Domain Research (dr) — Live Web
This guide shows how to use omicverse.llm.domain_research with a live web search retriever to produce a comprehensive, cited report sourced from the internet.
Prerequisites:
- Optional but recommended: set TAVILY_API_KEY for the Tavily backend.
- For the DuckDuckGo backend, install duckduckgo_search and beautifulsoup4 for better results.
Quick start (auto backend):
from omicverse.llm.domain_research import ResearchManager
# Easiest: `vector_store="web"` auto-selects Tavily if TAVILY_API_KEY is set,
# otherwise falls back to DuckDuckGo.
rm = ResearchManager(vector_store="web")
report = rm.run("State-of-the-art methods for single-cell integration in 2024")
print(report)
Force backend or tweak retrieval:
- vector_store="web:tavily" or vector_store="web:duckduckgo" to force a backend.

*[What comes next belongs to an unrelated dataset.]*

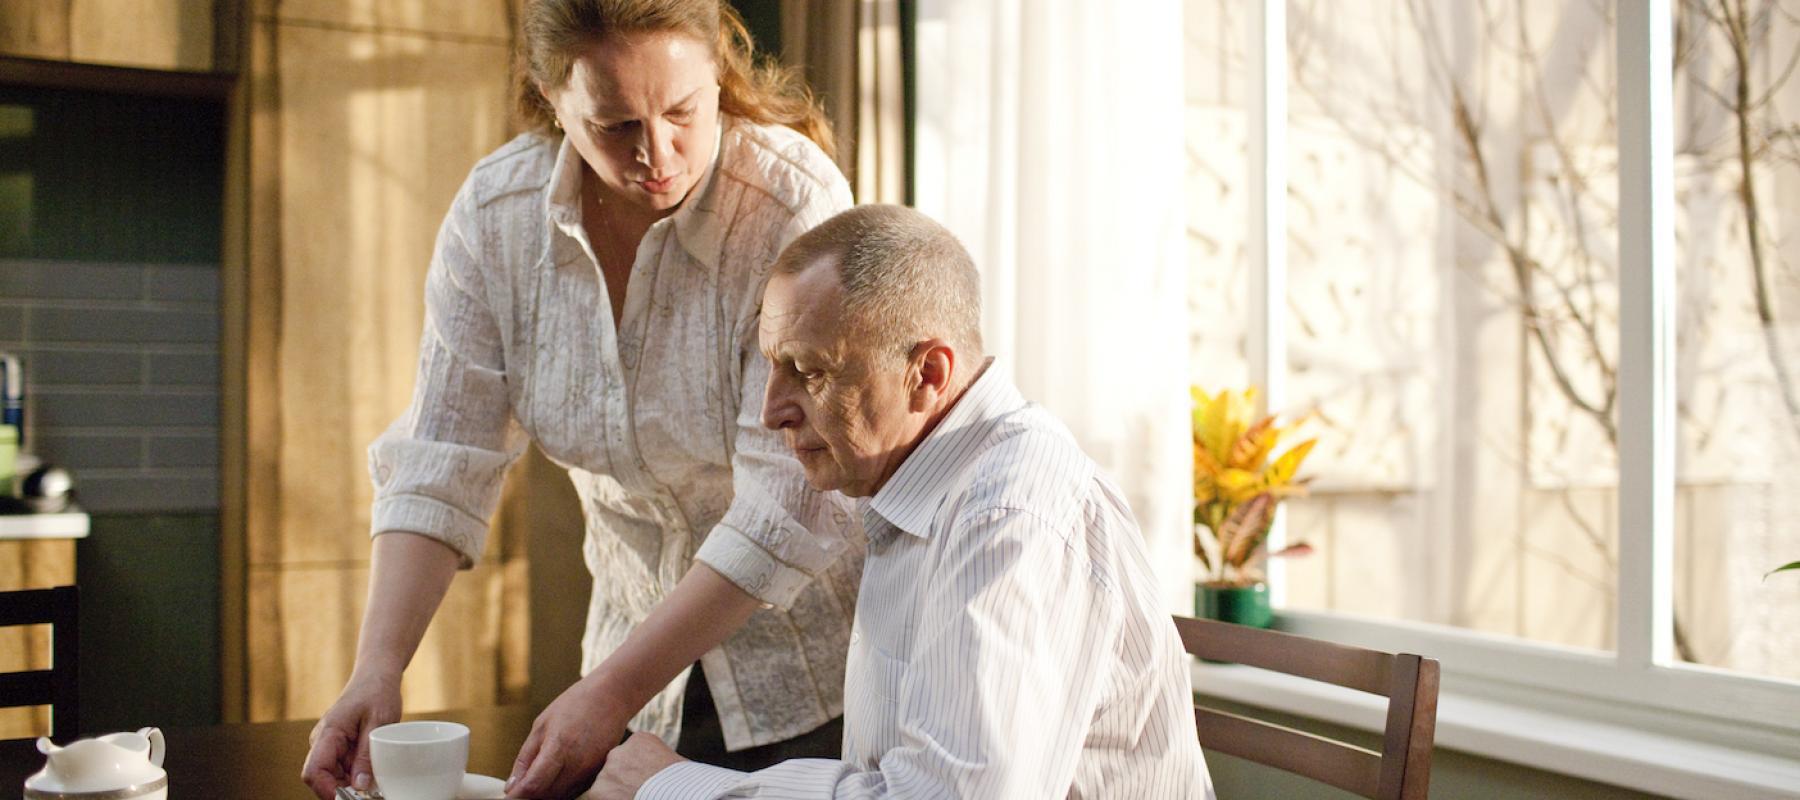 Femme debout et homme assis devant une fenêtre, image du film

- For manual control (e.g., max_results, fetch_content), import and instantiate WebRetrieverStore directly.
Tips:
- fetch_content=True fetches and extracts text from result URLs. Set to False to rely on snippets only.
- Combine with an LLM-backed synthesizer for a stronger executive summary:
import os
from omicverse.llm.domain_research.write.synthesizer import PromptSynthesizer
synth = PromptSynthesizer(
model="gpt-4o-mini",
base_url="https://api.openai.com/v1",
api_key=os.getenv("OPENAI_API_KEY", ""),
)
rm = ResearchManager(vector_store="web", synthesizer=synth)

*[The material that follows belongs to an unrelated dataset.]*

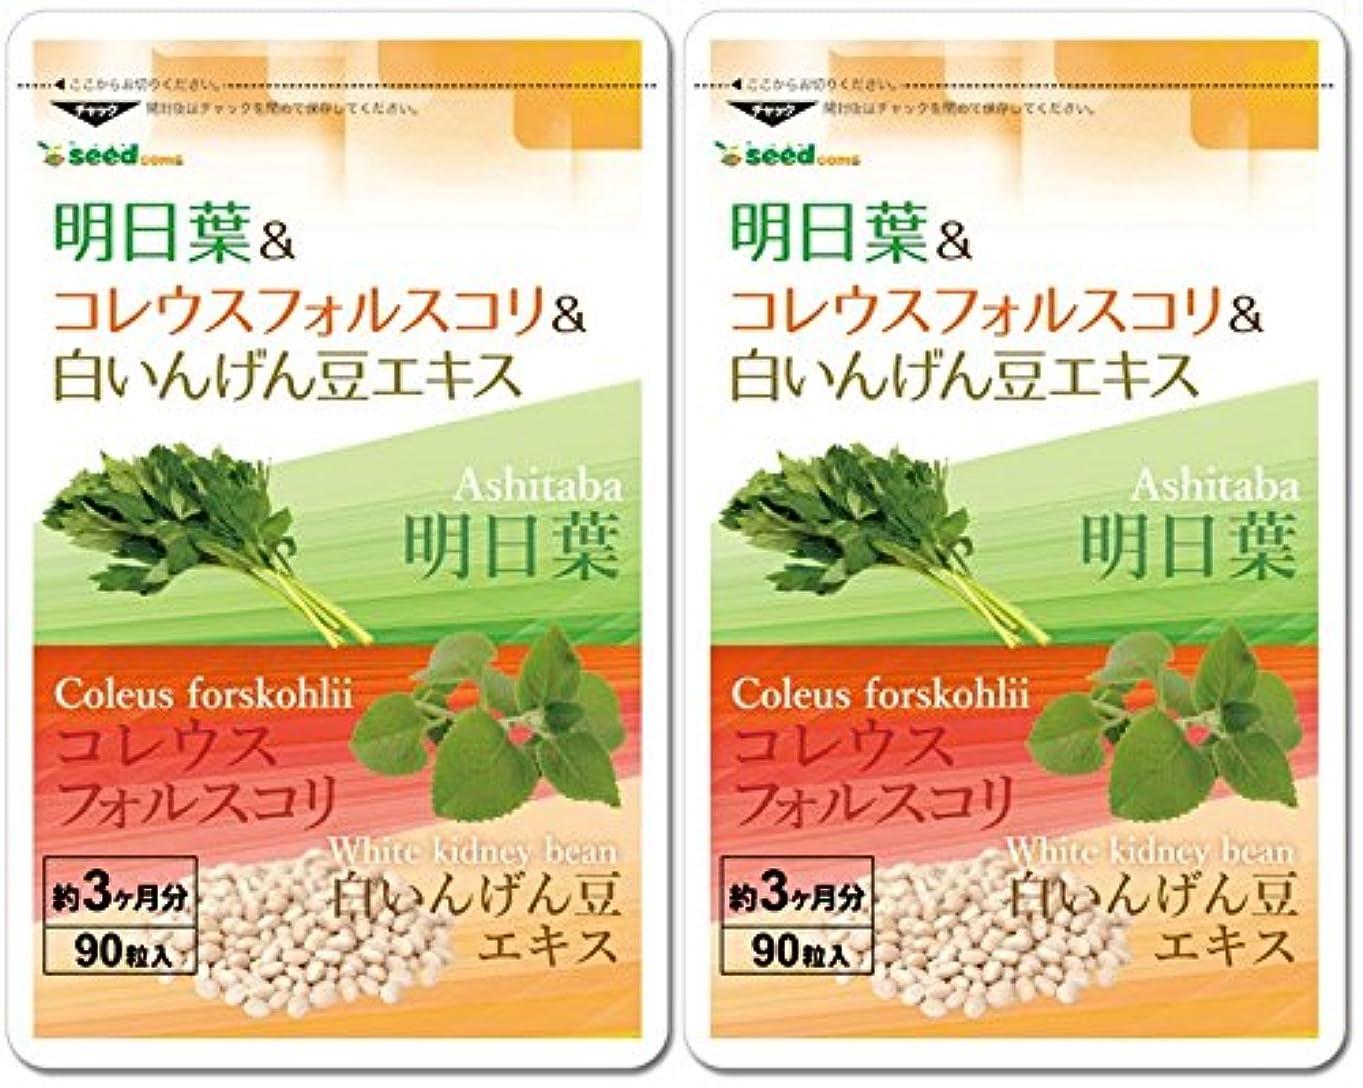 推定する安全性必須明日葉&コレウスフォルスコリ&白いんげん豆エキス (約6ヶ月分/180粒) スッキリ&燃焼系&糖質バリアの3大ダイエット成分

print(rm.run("Multi-omics integration benchmarks 2023–2025"))
Troubleshooting:
- Tavily: ensure TAVILY_API_KEY is set and valid.
- DuckDuckGo: for best stability use the duckduckgo_search package; otherwise the HTML fallback may be rate-limited or change over time.
- If pages are not HTML or are behind paywalls, the fetcher returns the raw response text (truncated) as the document body.